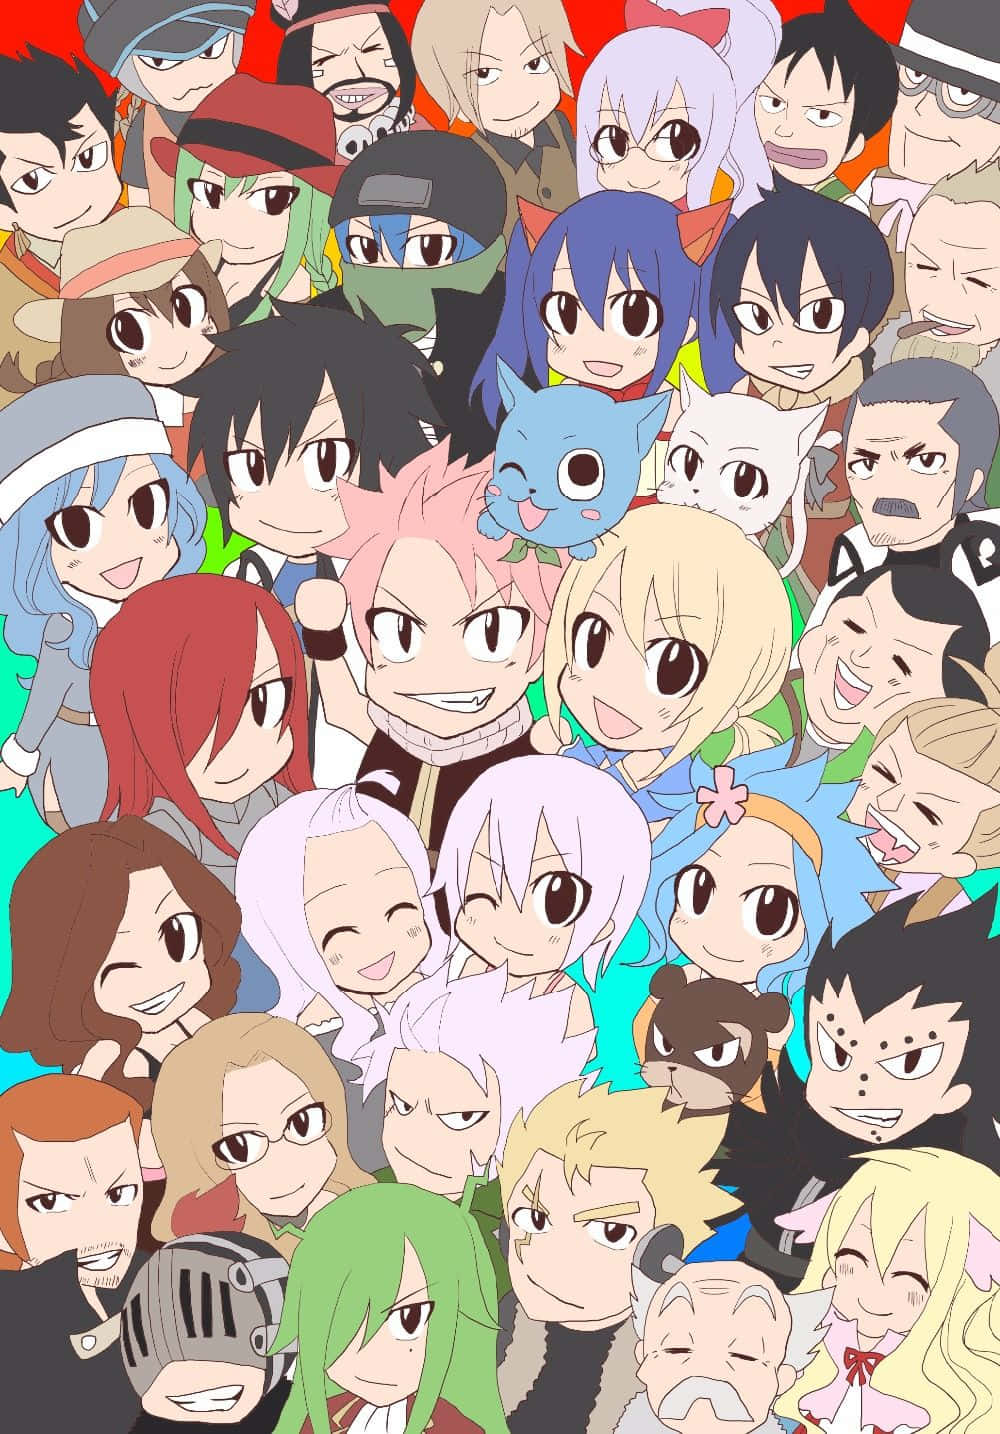 Engrupp Animekaraktärer Samlades Tillsammans
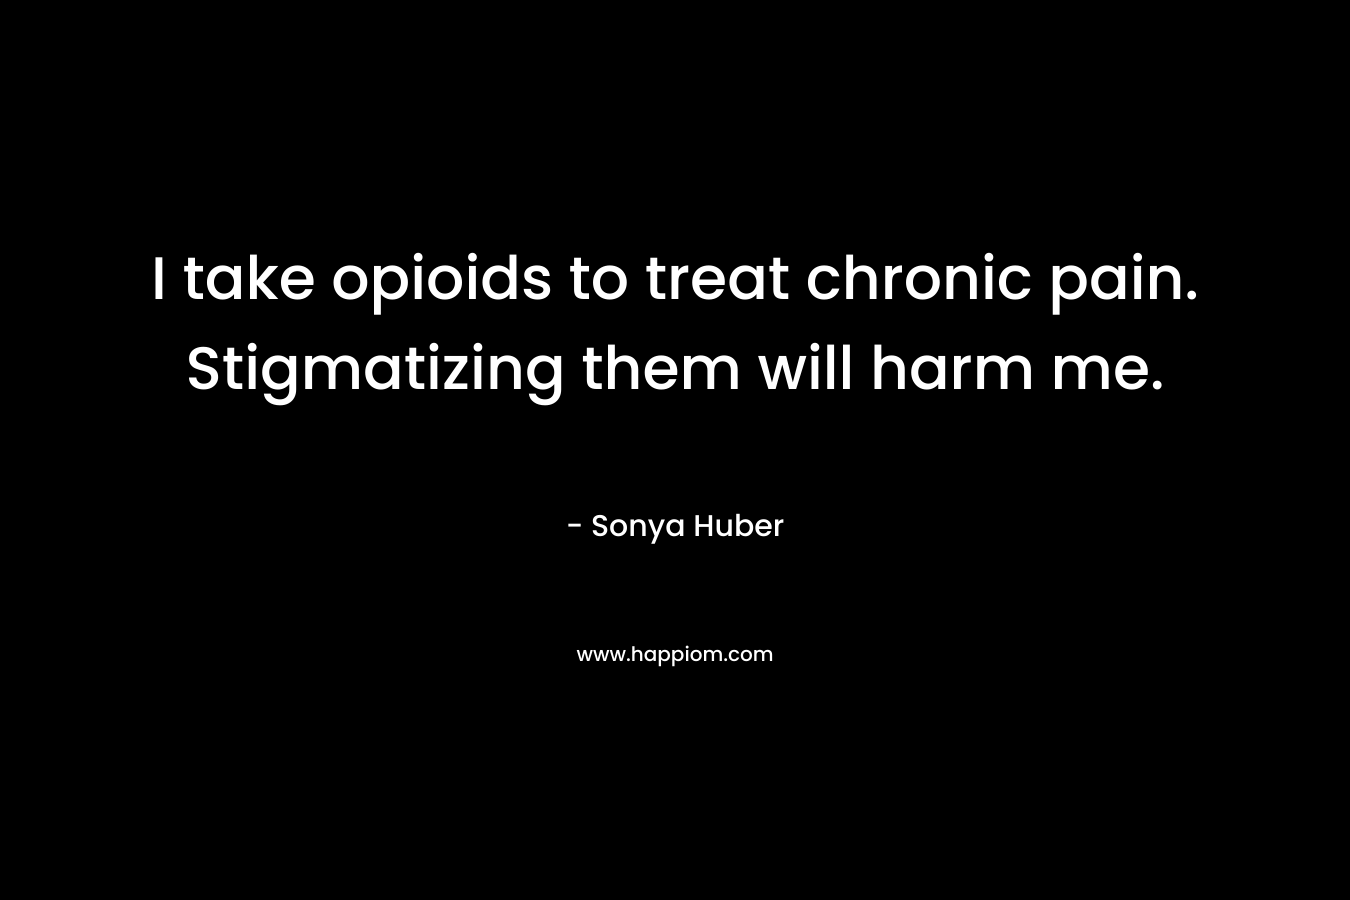 I take opioids to treat chronic pain. Stigmatizing them will harm me.
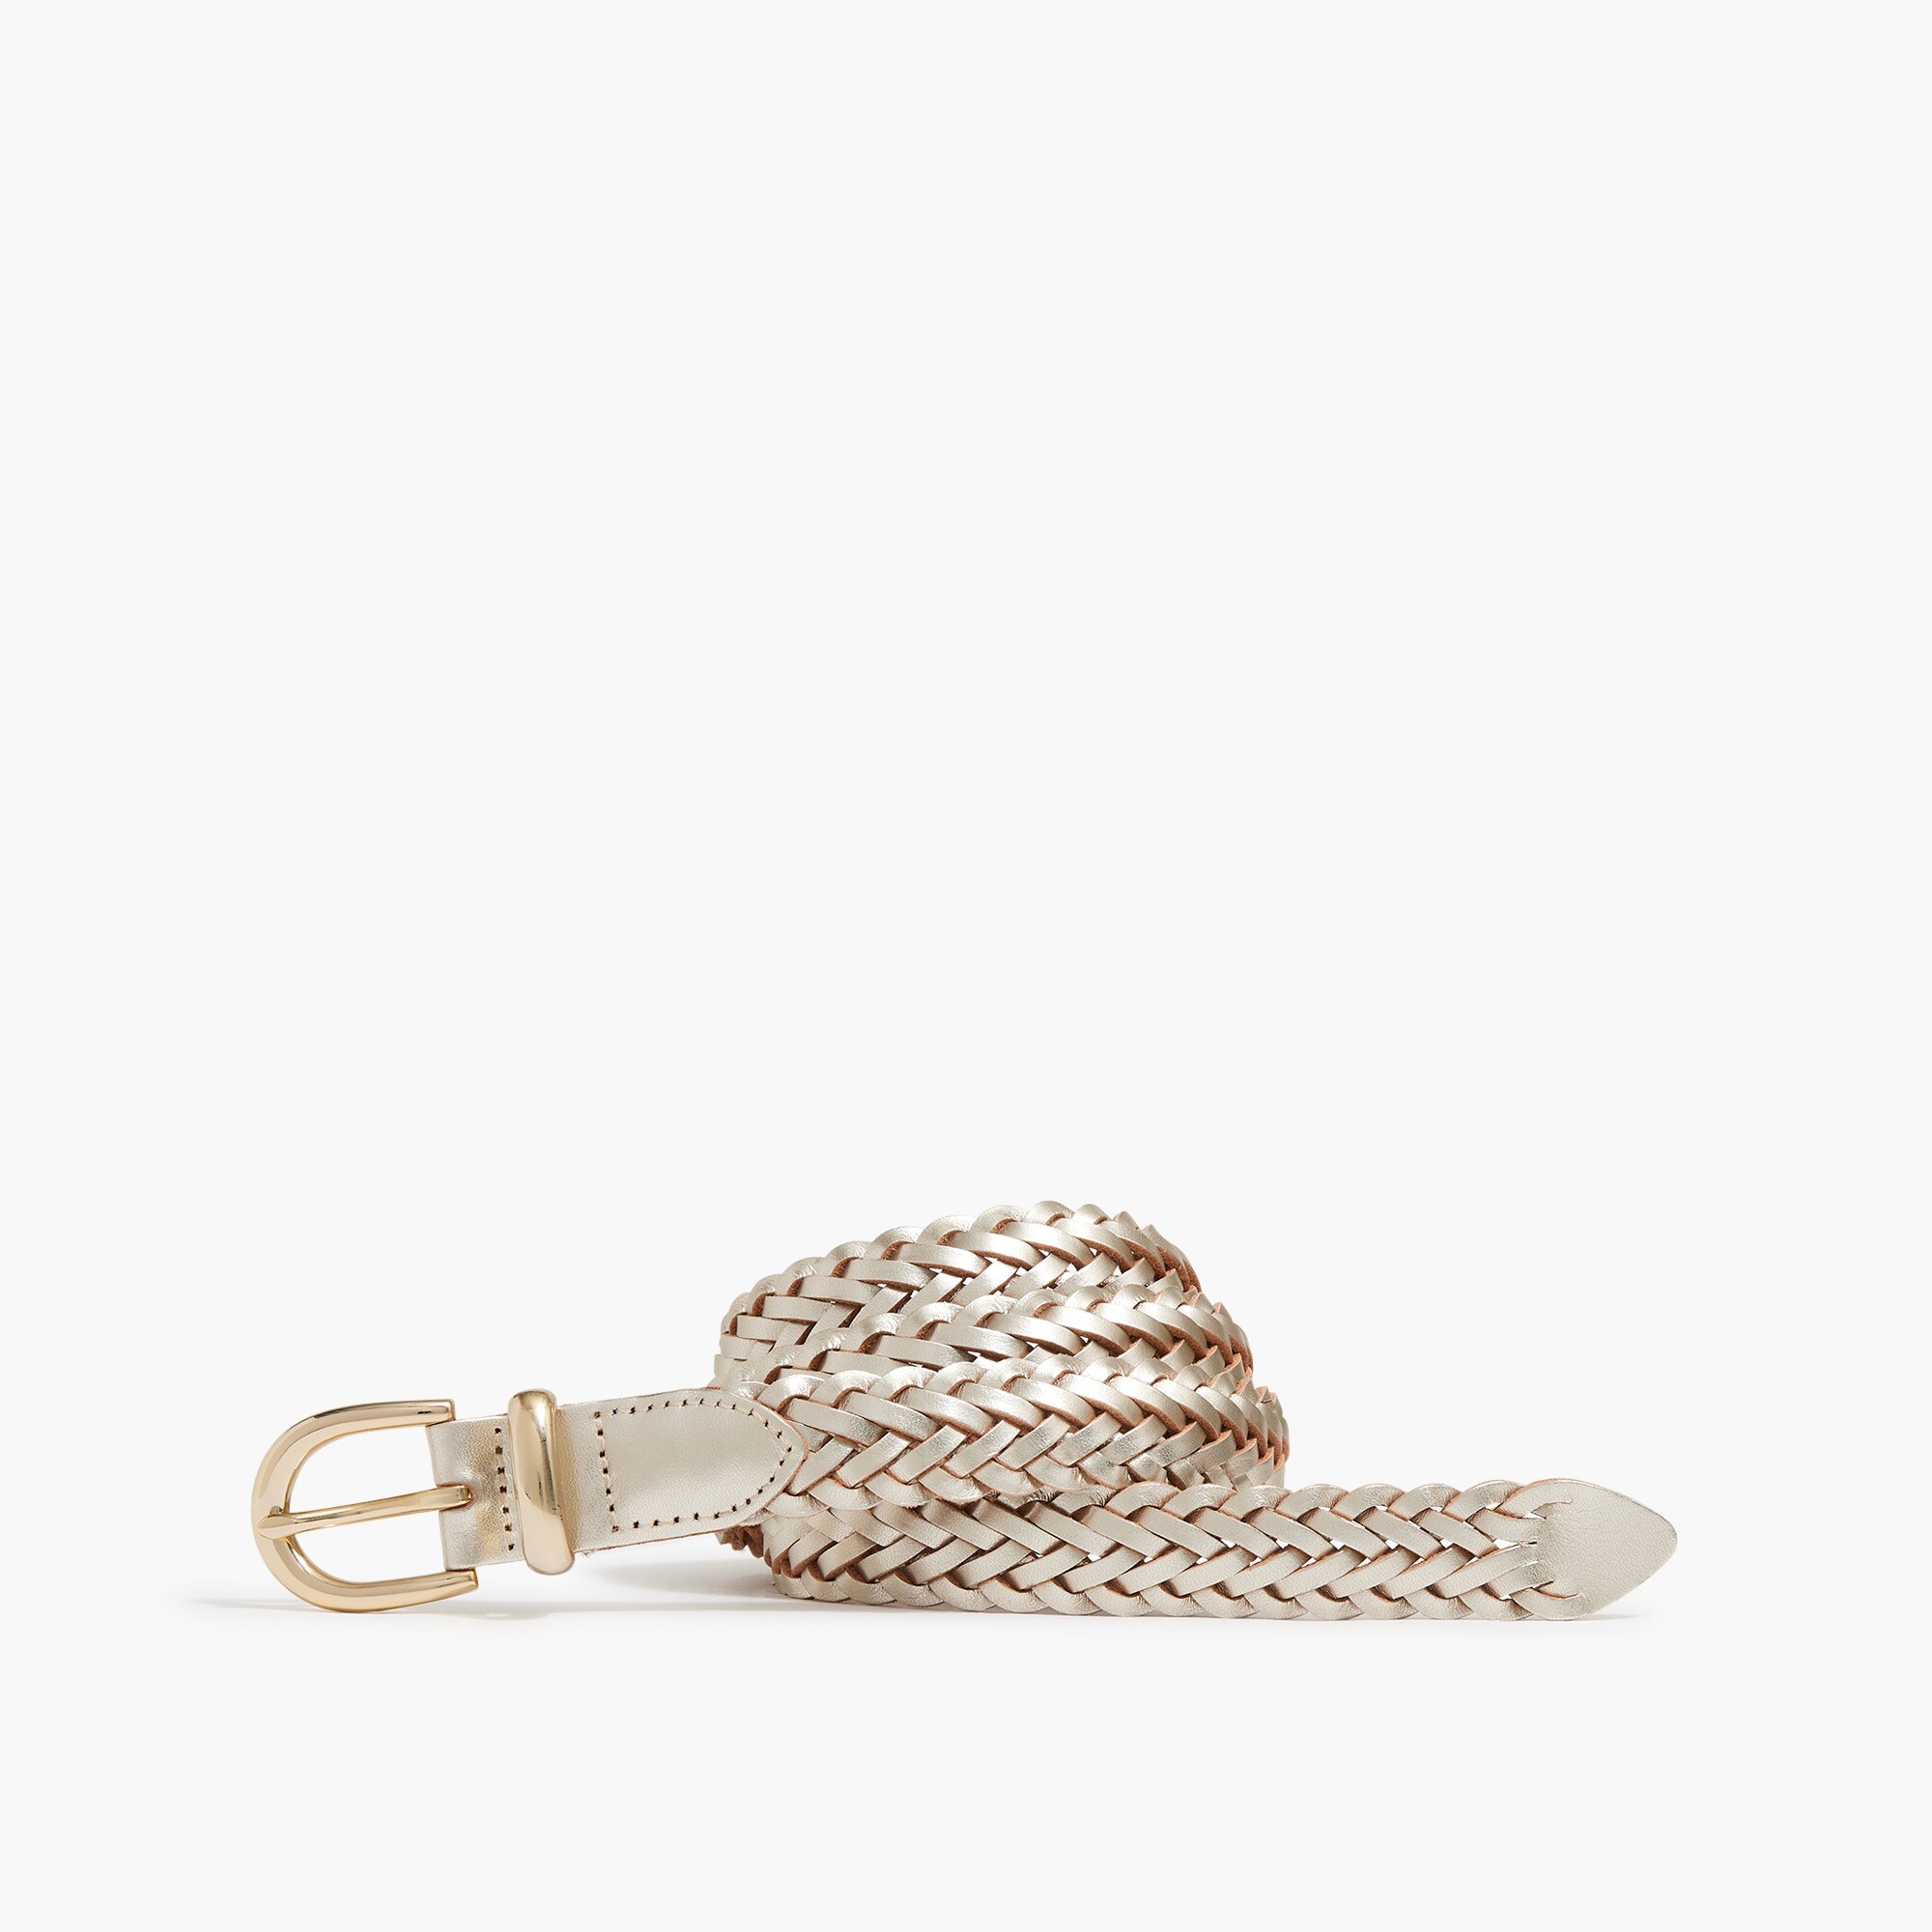  Metallic leather slim braided belt

==========

▶ Task instructions: Write the material above out again exactly as it reads, but don't carry over the pictures.

▶ Answer to the problem:
 Engrupp Animekaraktärer Samlades Tillsammans
 I take opioids to treat chronic pain. Stigmatizing them will harm me.
  Metallic leather slim braided belt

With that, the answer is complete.